- Directions -
This task calls for the lines below starting at the one containing "Cole Haan Lenox" and ending at the one containing "Casa para venda, Ramos, Rio", repeated exactly with both ends kept and pictures left out.

- Input -
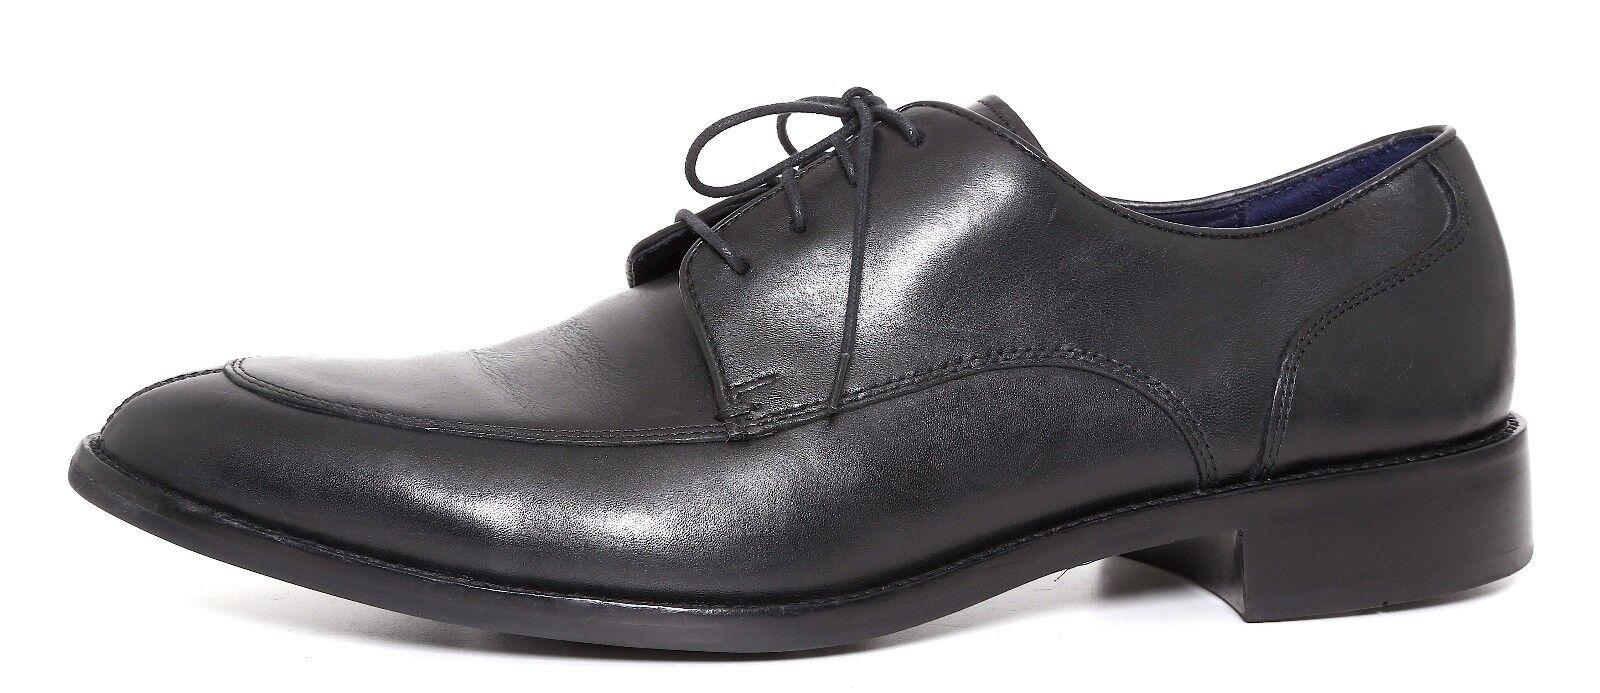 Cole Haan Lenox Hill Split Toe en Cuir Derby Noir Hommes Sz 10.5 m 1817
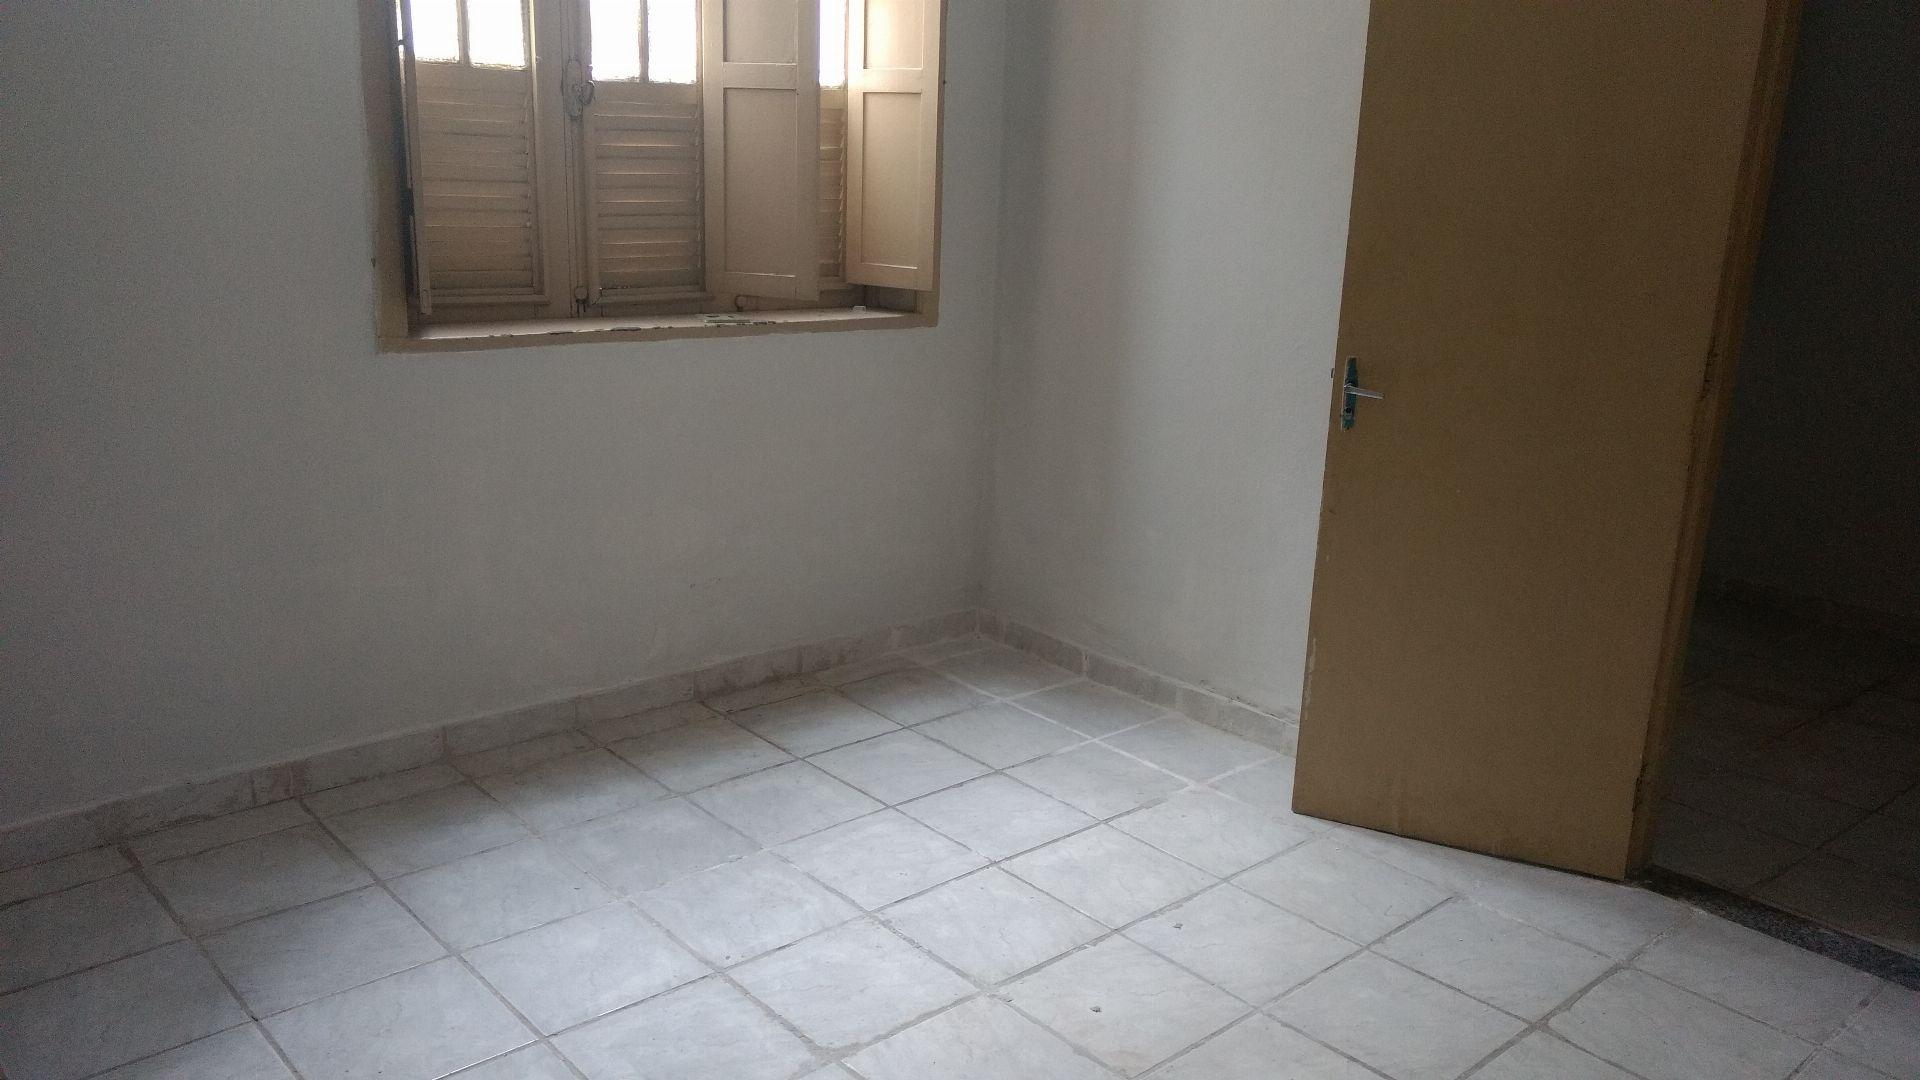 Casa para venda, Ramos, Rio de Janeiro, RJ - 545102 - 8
==
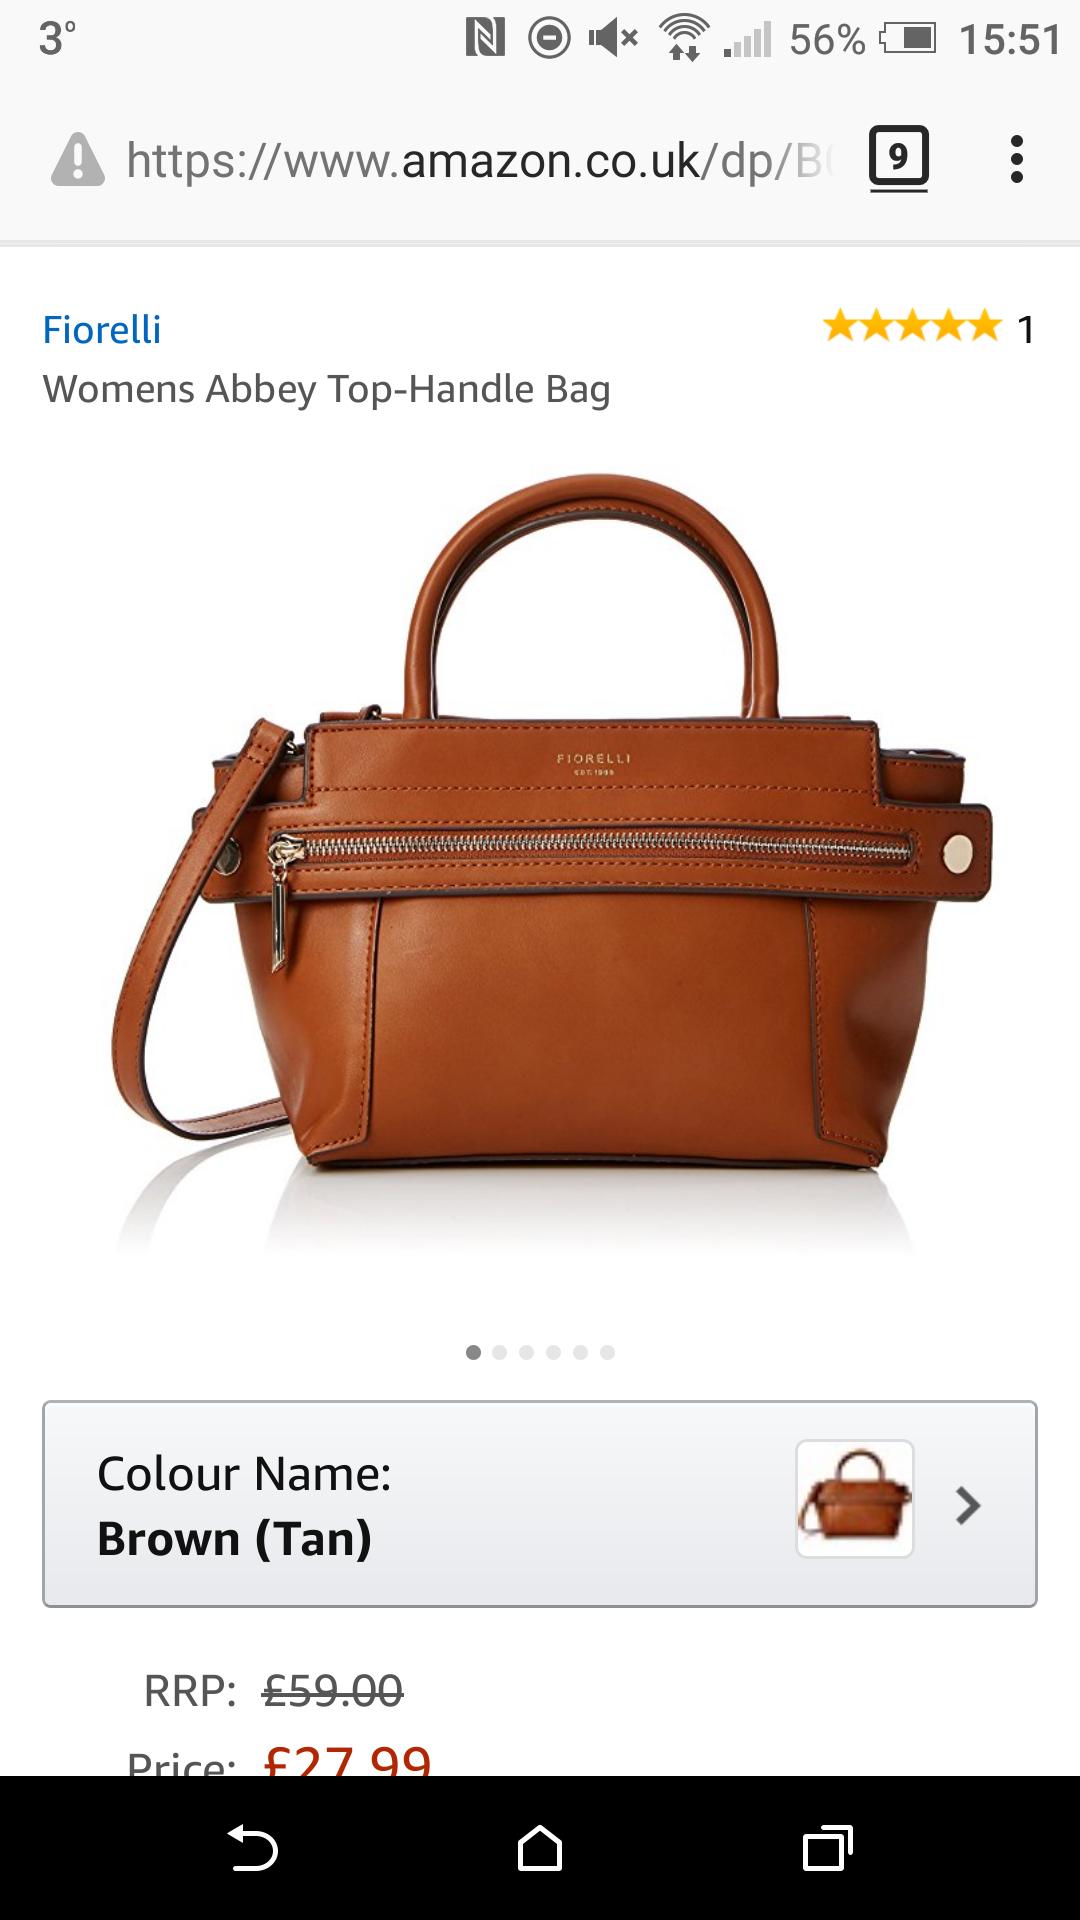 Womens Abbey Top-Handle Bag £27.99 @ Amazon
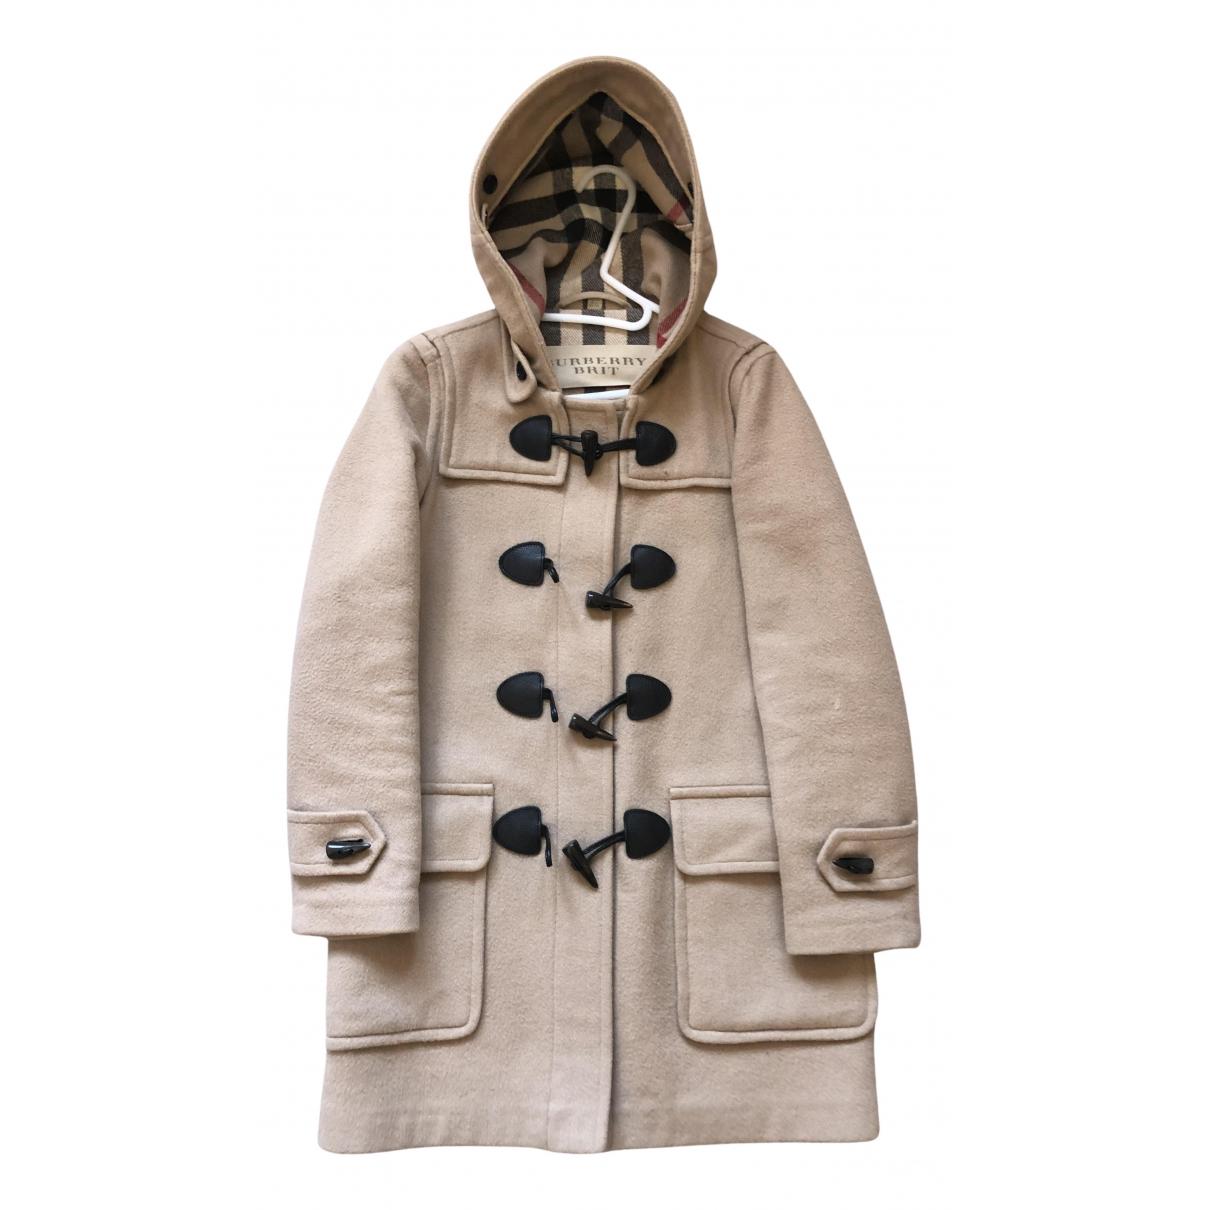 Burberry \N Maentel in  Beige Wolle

- Solution to the problem -
 Cole Haan Lenox Hill Split Toe en Cuir Derby Noir Hommes Sz 10.5 m 1817
 Casa para venda, Ramos, Rio de Janeiro, RJ - 545102 - 8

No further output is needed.